Три раза меня бросали, потому что любили кого-то больше, чем меня…
Столько всего нахлынуло, что совсем забыла, о чем собиралась писать, даже не помню, рассказала ли я тебе, что утром первого сентября ездила на велосипеде на кладбище?
Если не писала, то пишу сейчас: ездила. Помянуть, вернуться к нему мыслями и поплакать. А это сделать можно вроде как везде. Зная тебя, предположу, что ты именно так и подумал, и сказал бы. Вот и я тоже в первый момент так подумала. Но потом из меня поперло все мое язычество. Я почувствовала, что должна быть рядом с могилой, чтобы ощутить связь с покойником.
Зажгла лампадку. Вскоре к лампадке подлетел воробей, схватил клювиком спичку и улетел. Не кажется ли тебе, что это знак? Или просто голодная птичка перепутала спичку с хлебной корочкой?
С кладбища я вернулась в отель. Подумала, что все это я смогу перепахать работой. И свою печаль тоже. Но получилось так, что компьютер сыграл мне какую-то мелодию, и печаль снова сломала мой лемех. По волнам мелодии поплыла ложь: «Мне говорили, что будет легче, что все со временем пройдет». Подлая ложь, но так красиво спето, что я откупорила вино и села писать тебе. Сил думать у меня не осталось, а если немного и есть еще, то только на то, чтобы чувствовать.

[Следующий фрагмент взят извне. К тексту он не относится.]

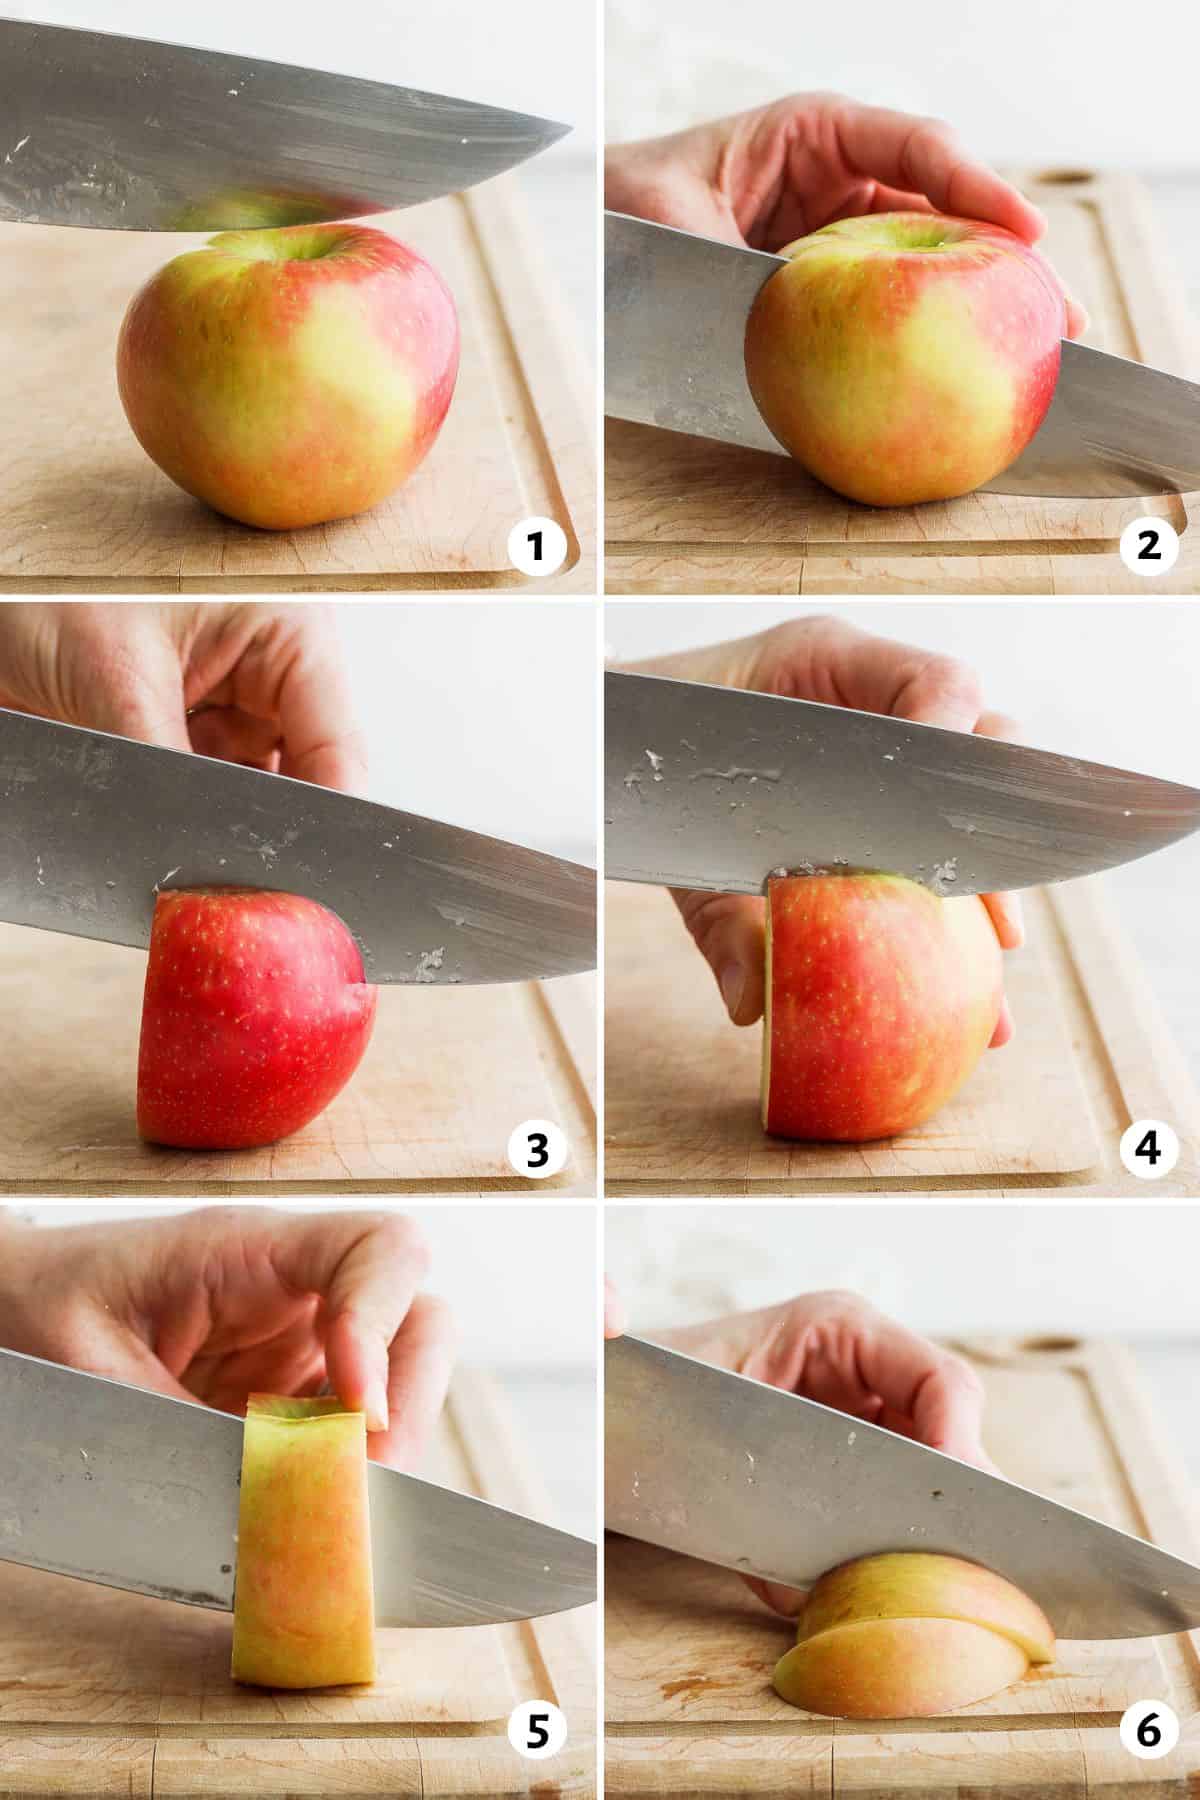 6 image collage showing how to cut an apple by cutting around the core and then slicing.

Я скучаю по тебе. Я уже давно скучаю по тебе, но сейчас, прямо сейчас, я чувствую, что это похоже на приступ почечной колики. Если у тебя не было такой колики, то ты даже не знаешь, что у тебя есть почки.

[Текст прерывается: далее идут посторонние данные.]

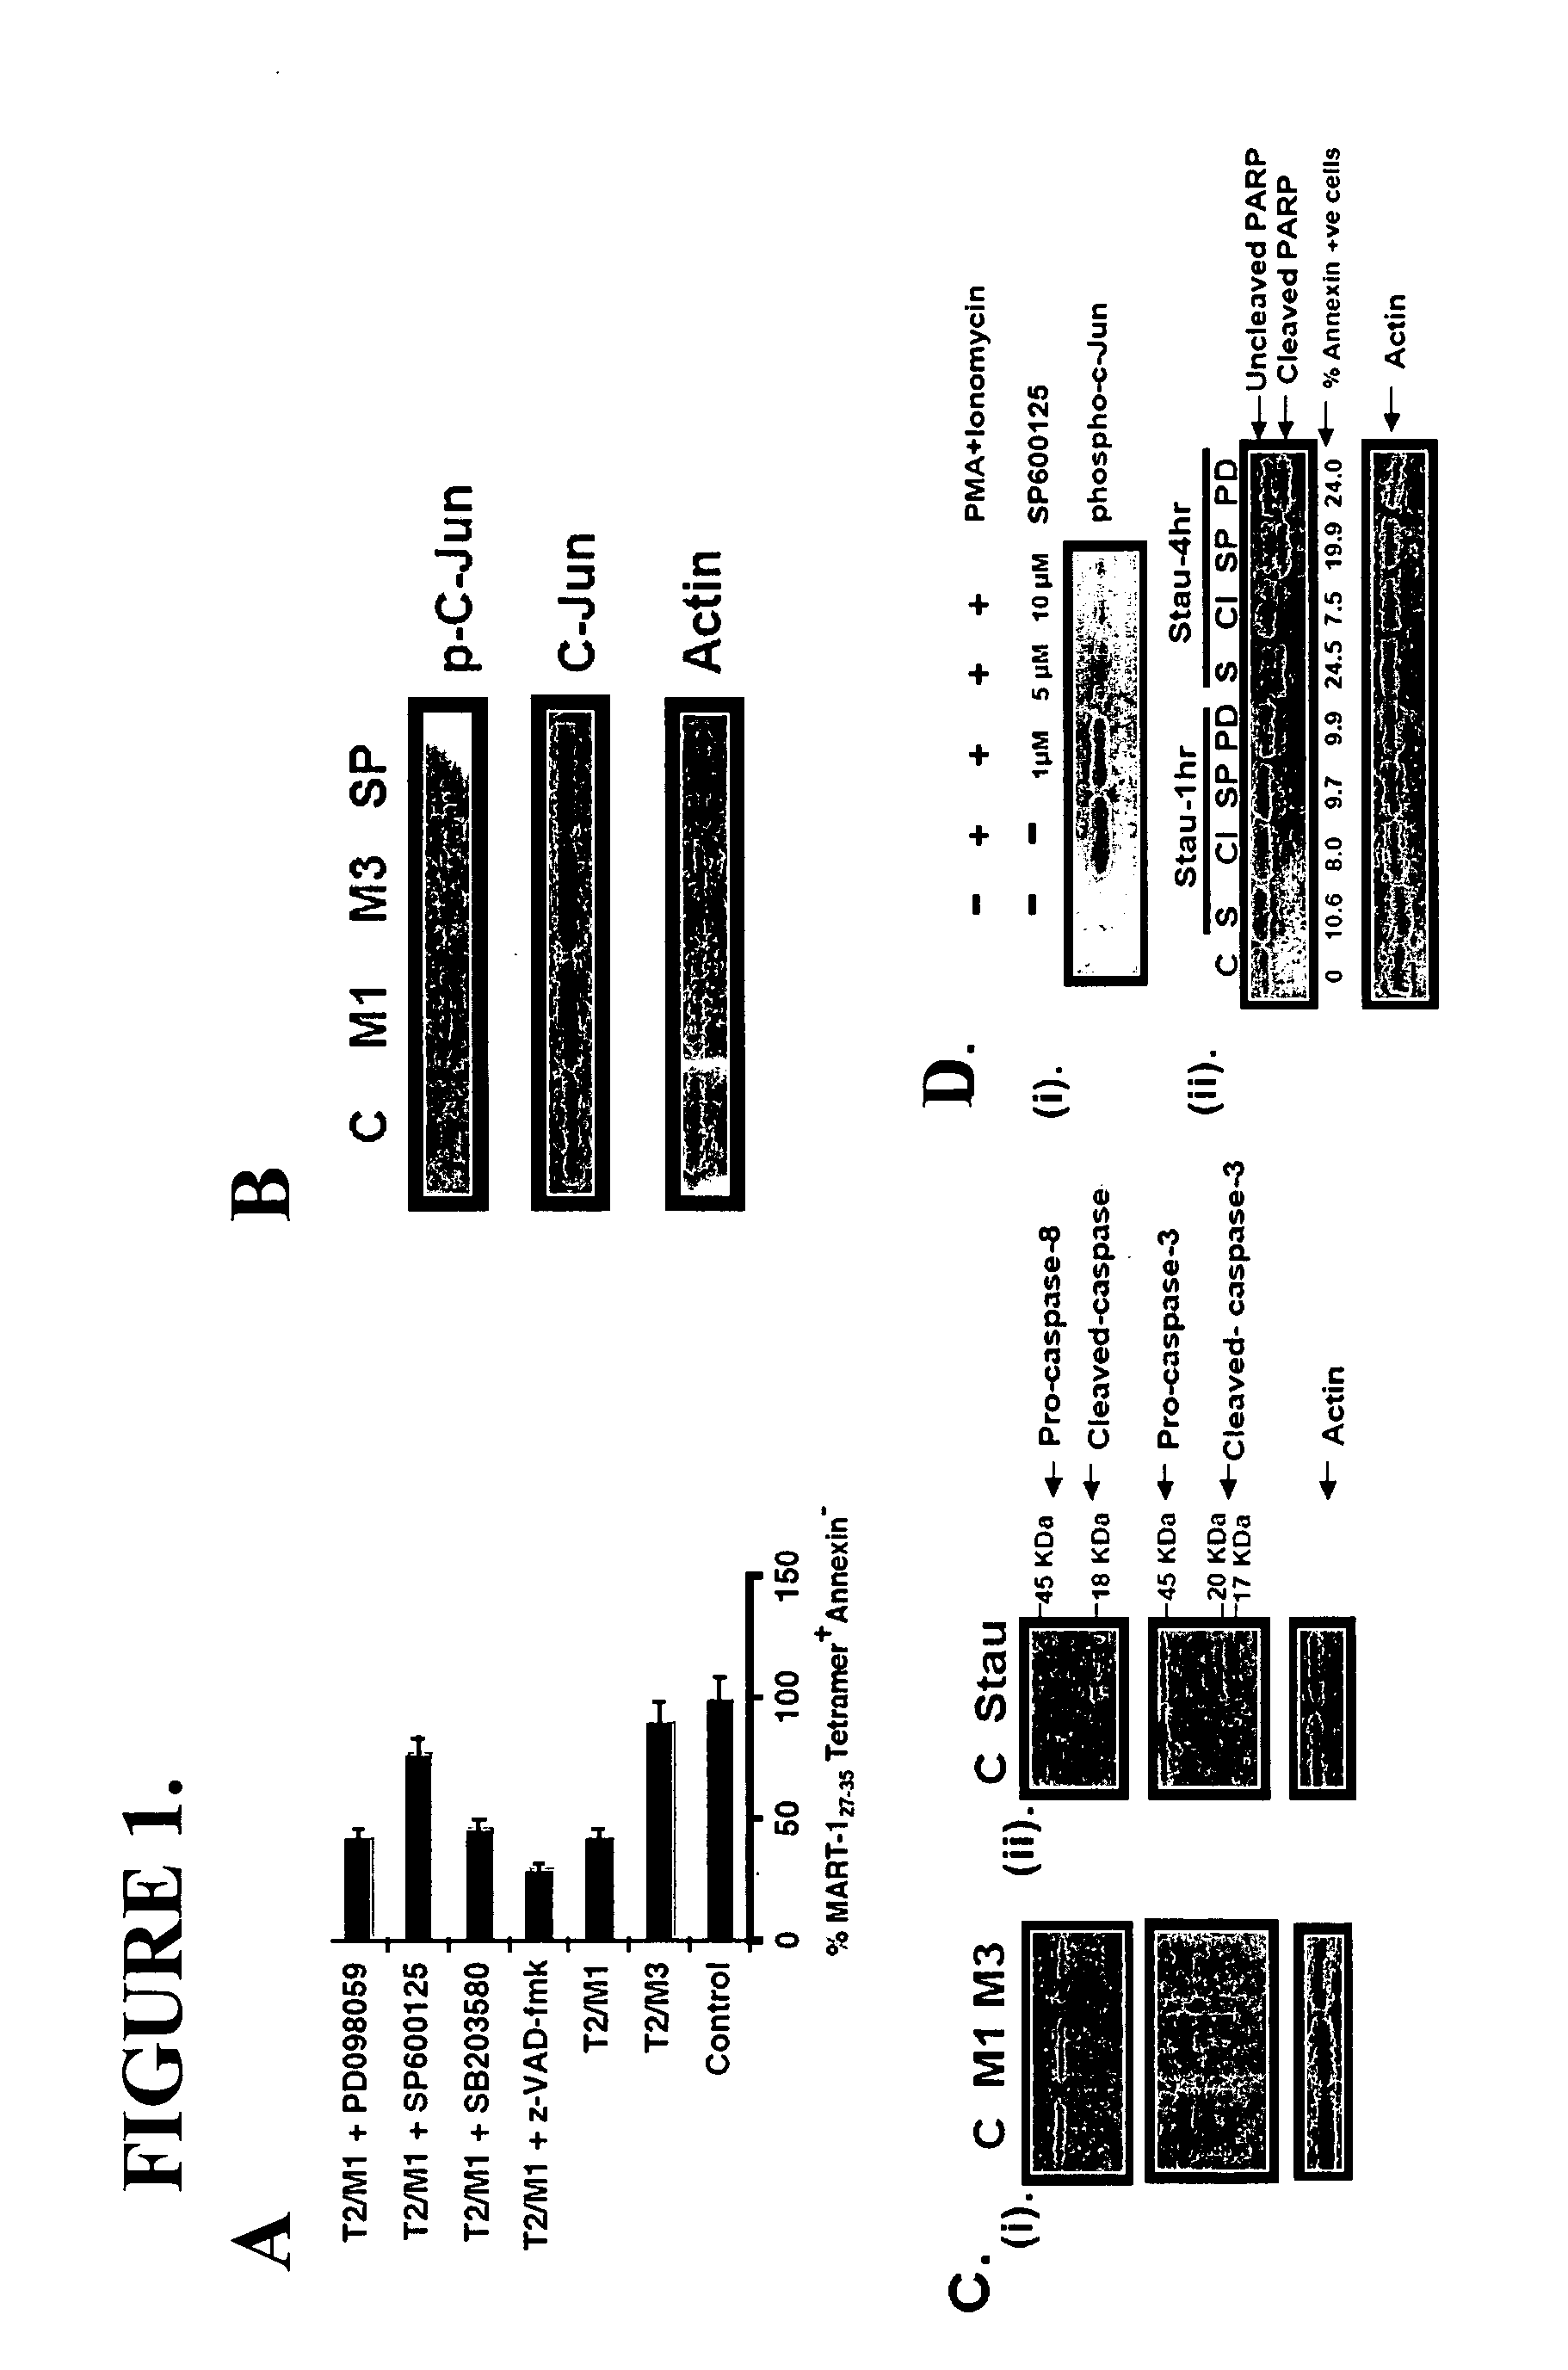 Methods for improving immunotherapy by enhancing survival of antigen-specific cytotoxic T lymphocytes

Я хочу, чтобы ты обнял меня. Крепко-крепко. Но только на несколько минут. А потом чтобы раздел меня. Не торопясь.
Сегодня я бы предпочла не торопясь, а не так, как обычно. Сама удивляюсь своей наивности. После всего этого времени и при таком голоде это было бы невозможно. Я, наверное, схожу с ума. К счастью…
Я украла у тебя рубашку. Голубую. Прижимаюсь к ней, когда просыпаюсь утром.
Люблю тебя.
Без памяти.
Твоя Надя
P.S. Знаешь, влюбленные женщины гораздо лучше в постели…
@19
Вернувшись из Нью-Йорка, она поняла, что не работает, а тянет лямку. Ее не было всего пять дней, а все уже смотрели на нее, будто она вернулась после пяти месяцев пребывания в санатории и теперь должна каяться. А в результате – несколько сотен непрочитанных мейлов в почтовом ящике, несколько десятков сообщений, записанных на телефон, куча бумаг на подпись – и все должно быть сделано «еще вчера». Не думала, что человек может выполнить столько работы всего за несколько дней.

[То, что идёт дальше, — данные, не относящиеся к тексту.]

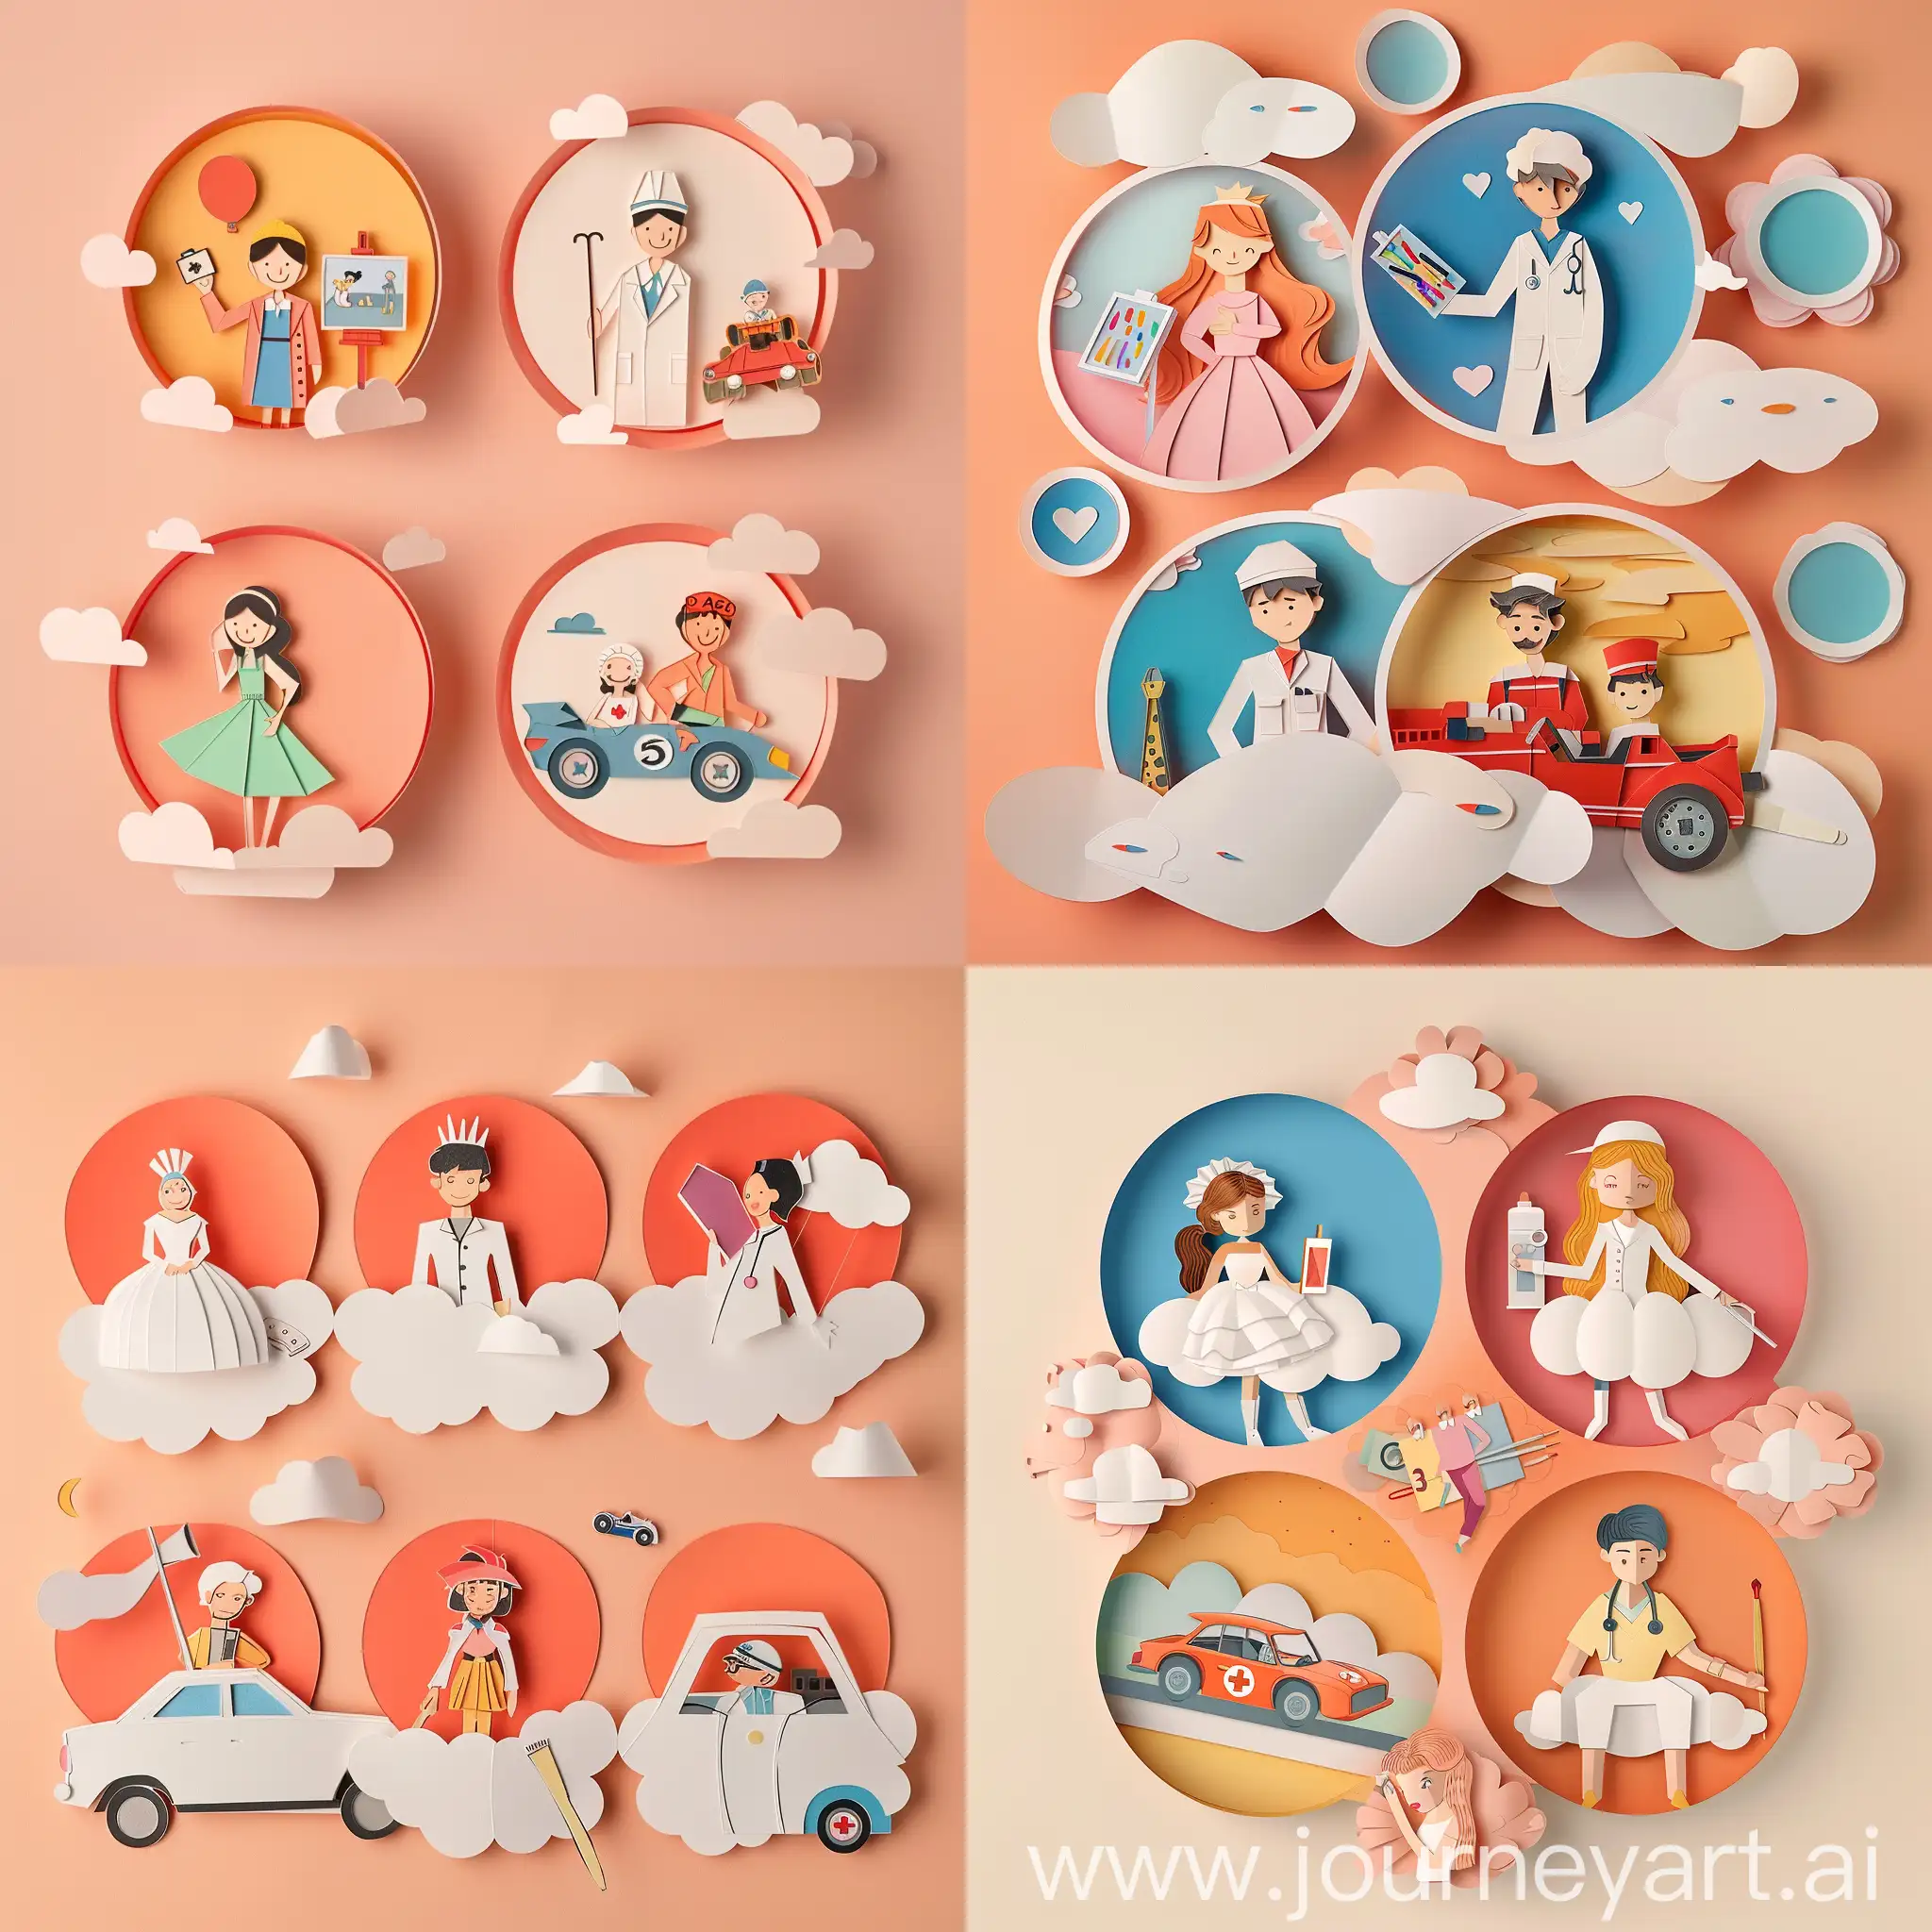 Create papercut art featuring four 3D cartoon thinking bubbles, with a simplistic painter, princess, doctor, and race car driver in each bubble, under a peachy sky

Она появлялась в офисе рано утром, домой возвращалась около девяти вечера. Иоахим уже ждал ее с ужином. Иногда, придя на работу, она обнаруживала в своей сумке пластиковые контейнеры с салатом, тюбики с соусом, вилочки, салфетки. И каждый раз свой любимый малиновый коктейль. Иоахим допускал, что у нее может не оказаться времени на обед, так что незаметно совал ей все это в сумку.
Каждый раз она выставляла все это на своем столе и тянулась за телефоном. Хотела поблагодарить его. Сказать, какой он нежный, заботливый, щедрый, любящий. Но прежде, чем успевала набрать его номер, всегда что-нибудь да происходило. Писк компьютера, возвещавший прибытие нового мейла, стук в дверь, взгляд на яркий листочек с важной информацией, приклеенный ее секретаршей к краю монитора. В результате она не звонила, не благодарила, а потом, занятая чем-то более важным, и вовсе забывала.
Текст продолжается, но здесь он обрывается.